The next day, we enjoyed a series of performances. The first one was Cetrería de Reyes, which is an awesome falconry show. Unfortunately, midday in the Toledo sun in July made it, how can I say, blistering hot. But the show was cool, they brought out owls, hawks, falcons, vultures, even a Secretarybird stomping on a (fake) snake! At the end of the show, they released all the birds, and it was a grand finale!

A pluma y espada is a swashbuckling dramatized show of Lope de Vega, our most famous playwright of the Siglo de Oro (1600s Spain). Again they did the water thing where they danced and splashed about, and again they brought in the horses, which, given the indoor space, was surprising.

Allende la mar oceana recreates one of Columbus’s ships. You walk in and it looks and feels like you are in one of the galleons! You come out to a recreation of Hispaniola island!

Then we stopped for lunch, which is the weak spot of the park, but it was to be expected. After all, one is not there for a culinary experience. You can bring in your picnic, but the idea of carrying around lunch all day is not the most appetizing.

We finished the day with El último cantar, a show about El Cid. In this one, you get the horses and the dancing in a huge indoor space where the seats rotate to different parts of the fixed circular stage, impressive indeed.

There are many other shows, and they add about a show a year, but we were knackered, so we called it a day.

My recommendation? If it is not too hot, go enjoy the day. If it is hot, go to the night show. If you have the time, do the night show and then the next day go for the day. You are welcome.
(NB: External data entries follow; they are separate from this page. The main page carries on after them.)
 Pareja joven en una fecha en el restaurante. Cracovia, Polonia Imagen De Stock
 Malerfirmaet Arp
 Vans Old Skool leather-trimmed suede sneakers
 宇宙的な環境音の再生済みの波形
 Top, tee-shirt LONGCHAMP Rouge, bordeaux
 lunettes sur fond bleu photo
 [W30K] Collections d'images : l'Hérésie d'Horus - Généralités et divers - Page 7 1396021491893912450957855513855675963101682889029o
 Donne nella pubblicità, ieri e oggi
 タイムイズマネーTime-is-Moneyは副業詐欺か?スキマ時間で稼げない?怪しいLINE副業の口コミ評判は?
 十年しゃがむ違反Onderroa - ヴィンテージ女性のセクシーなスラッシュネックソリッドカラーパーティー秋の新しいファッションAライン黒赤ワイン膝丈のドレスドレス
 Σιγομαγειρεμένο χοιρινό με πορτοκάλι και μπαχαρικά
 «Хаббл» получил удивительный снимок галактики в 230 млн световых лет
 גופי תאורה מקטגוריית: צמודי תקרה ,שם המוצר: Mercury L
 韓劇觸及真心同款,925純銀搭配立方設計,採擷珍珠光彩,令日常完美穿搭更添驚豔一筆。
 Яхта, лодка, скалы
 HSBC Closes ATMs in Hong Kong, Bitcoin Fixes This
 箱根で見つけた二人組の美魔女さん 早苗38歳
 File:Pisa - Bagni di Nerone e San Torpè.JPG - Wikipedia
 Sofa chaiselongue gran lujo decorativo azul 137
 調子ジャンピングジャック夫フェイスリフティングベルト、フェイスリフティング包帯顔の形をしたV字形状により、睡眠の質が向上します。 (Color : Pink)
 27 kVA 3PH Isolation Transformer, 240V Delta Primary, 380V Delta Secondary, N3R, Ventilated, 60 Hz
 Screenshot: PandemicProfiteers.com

La feria del libro in Madrid

Here is a bit of a paradox: I love literature (so much that I made it my livelihood), I love books, but I really do not like Madrid’s huge annual book fair: La Feria del Libro.

Every year, the first two weeks in June, hundreds of bookstores and publishers set up camp in Madrid’s beautiful Retiro Park. Every day, there are book signings, conferences, debates, colloquia, and, of course, bars, ice cream stands, and all sorts of other associated entertainment.

I try to avoid it, but I still go and walk around together with thousands of other folks who are looking for celebrity author sightings and signings and are willing to stand in line for hours to get a book signed.

This year was a bit different for me. Celia found out that Carmen Lomana, an old employee of my dad’s in London, who is now a bit of a celebrity, was signing her memoirs. We went to her booth, chatted with her for a few minutes about life in London in the early 80s, and bought her book for Mom, which Lomana kindly signed.

We also walked around, bought a couple of books, some overpriced ice cream, and enjoyed the throngs of people.

So if you are in Madrid the first couple of weeks in June and you love books (or don’t), go to the Retiro Park and enjoy the Feria del Libro with hundreds of other book lovers.

PS: Statistics show that for the last few years, while book sales are up, book reading is down. Someone explain that to me -or don’t bother.